My state's pandemic unemployment insurance site launched in May with gross
security issues and had to be shut down. Thousands of workers and freelancers
have yet to receive their first check.

My sister-in-law and her husband both came down with COVID and lost their
jobs. They have three kids and now my partner and I are helping them
financially (which we really can't afford to do).

There isn't a food shortage because corporations are forcing migrant laborers
into the warehouses to work, and they're being infected and dying in higher
proportions. Martyrs for the meat industry (Tyson's profits were up 600% Q1).
There are human costs to "stock market is fine."
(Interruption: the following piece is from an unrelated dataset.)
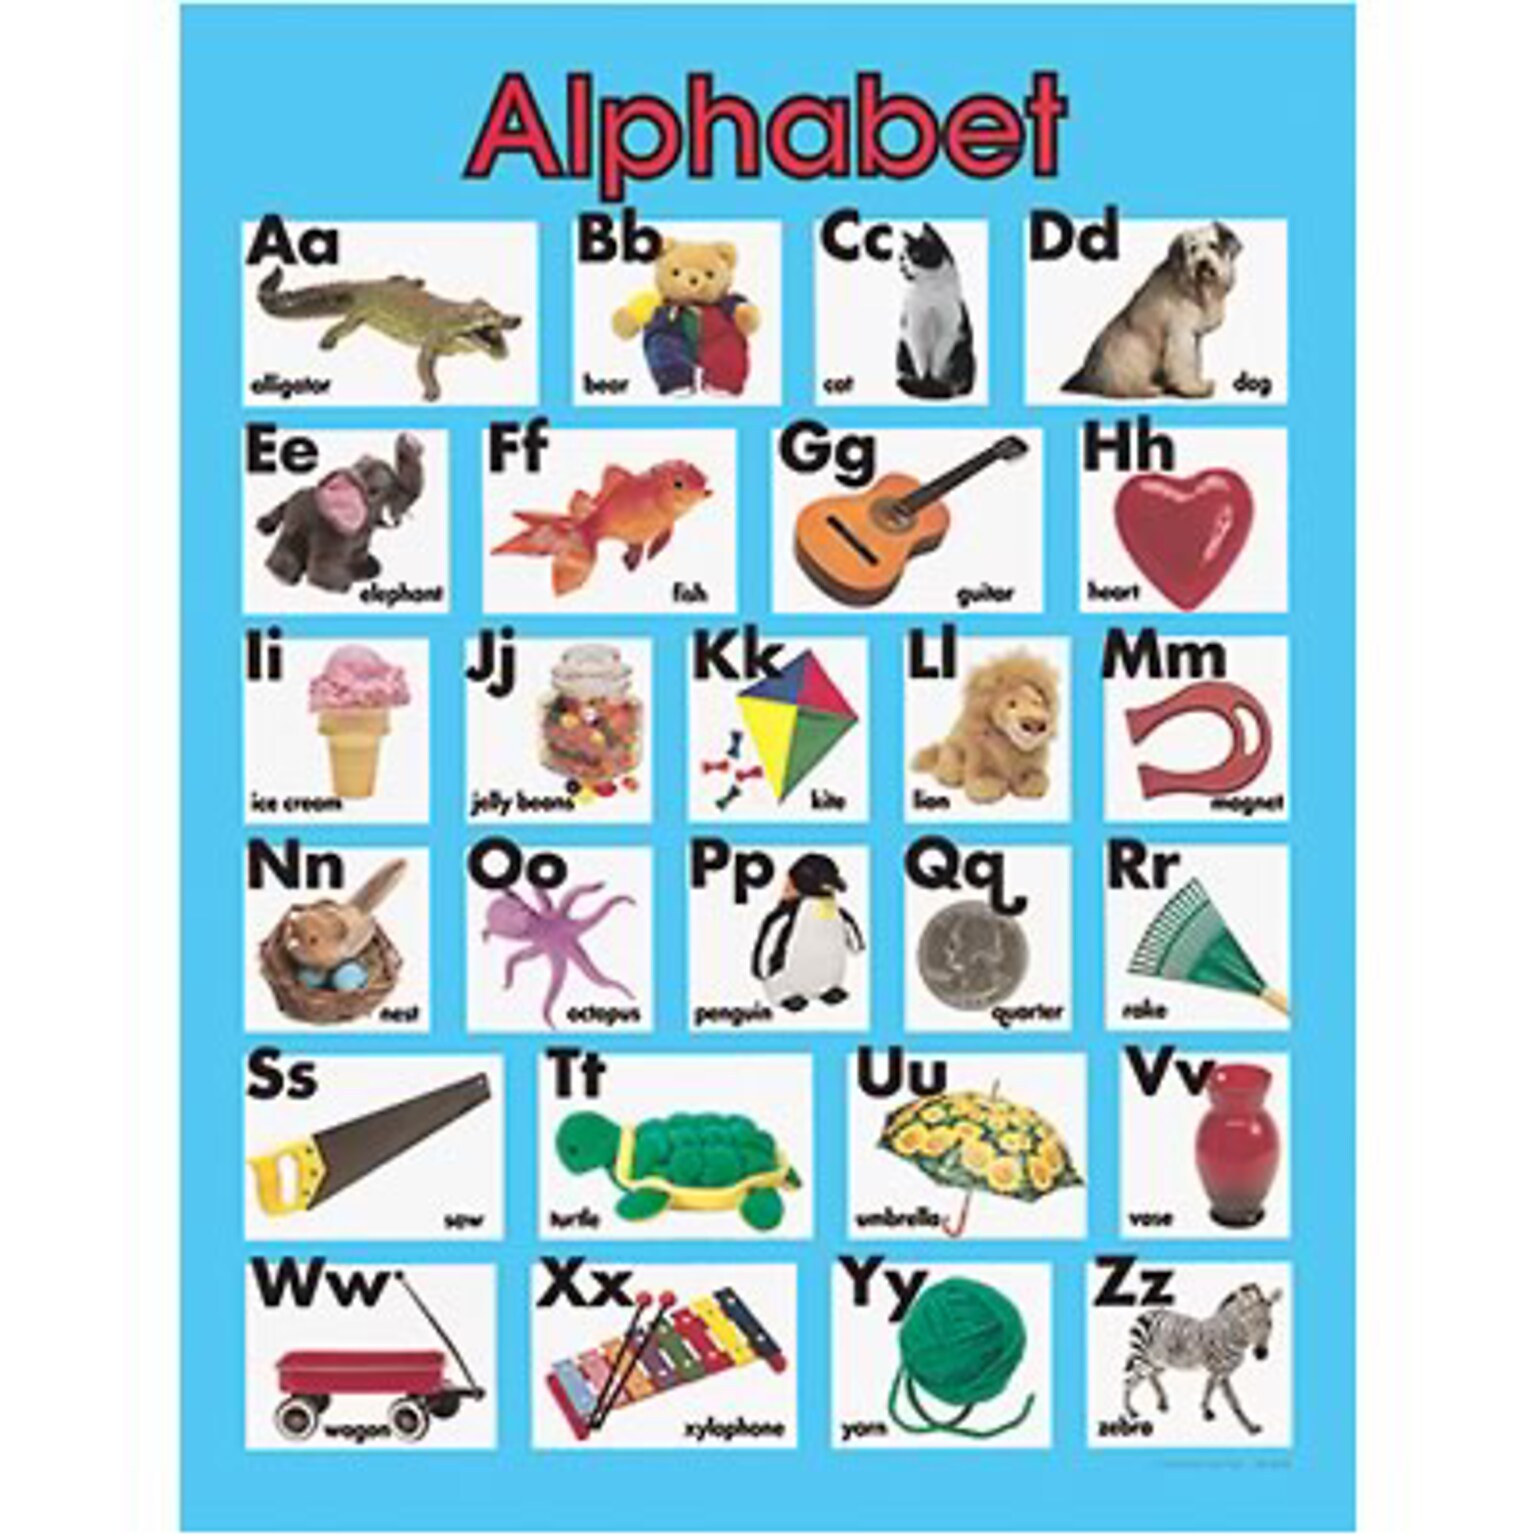 Alphabet Chartlet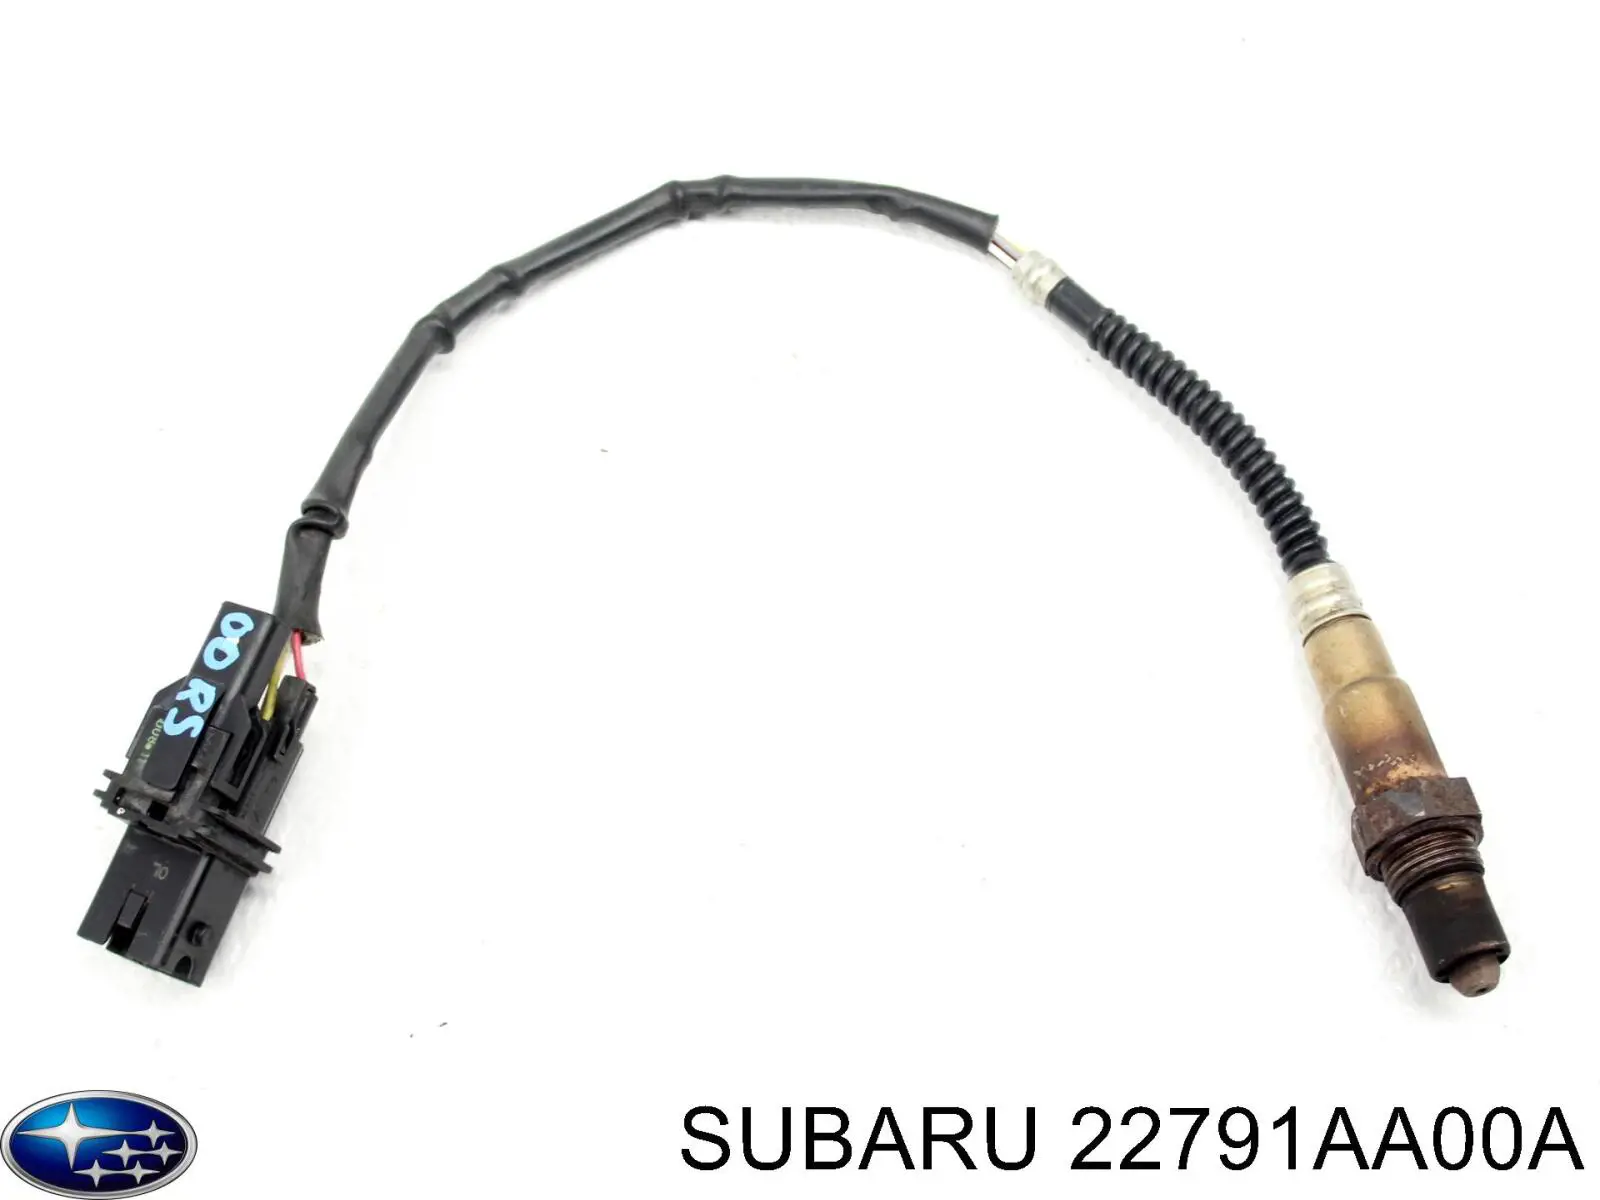 22791AA00A Subaru sonda lambda sensor de oxigeno para catalizador

I personally am down thousands of dollars helping my friends/family/neighbors
with their groceries and rents. My "rainy day fund" has long been drained and
my one nest-egg land asset is probably a few months away from having to be
sold to continue supporting my loved ones.

The state is on track to open schools in a couple of weeks. A recent study
shows that closing schools can reduce the mortality rate per month by 58%;
this research is being ignored in the name of profits. Business leaders and
their cronies in the state are pushing for this to get parents out of the home
and into work.

My more-rural family members flat-out refuse to wear masks and have already
proclaimed that they will not take the vaccine should one become available.

You may be right that this isn't a "nation toppler," but nations are far more
resilient than people. I'm happy for you that this isn't affecting you.
Consider yourself lucky.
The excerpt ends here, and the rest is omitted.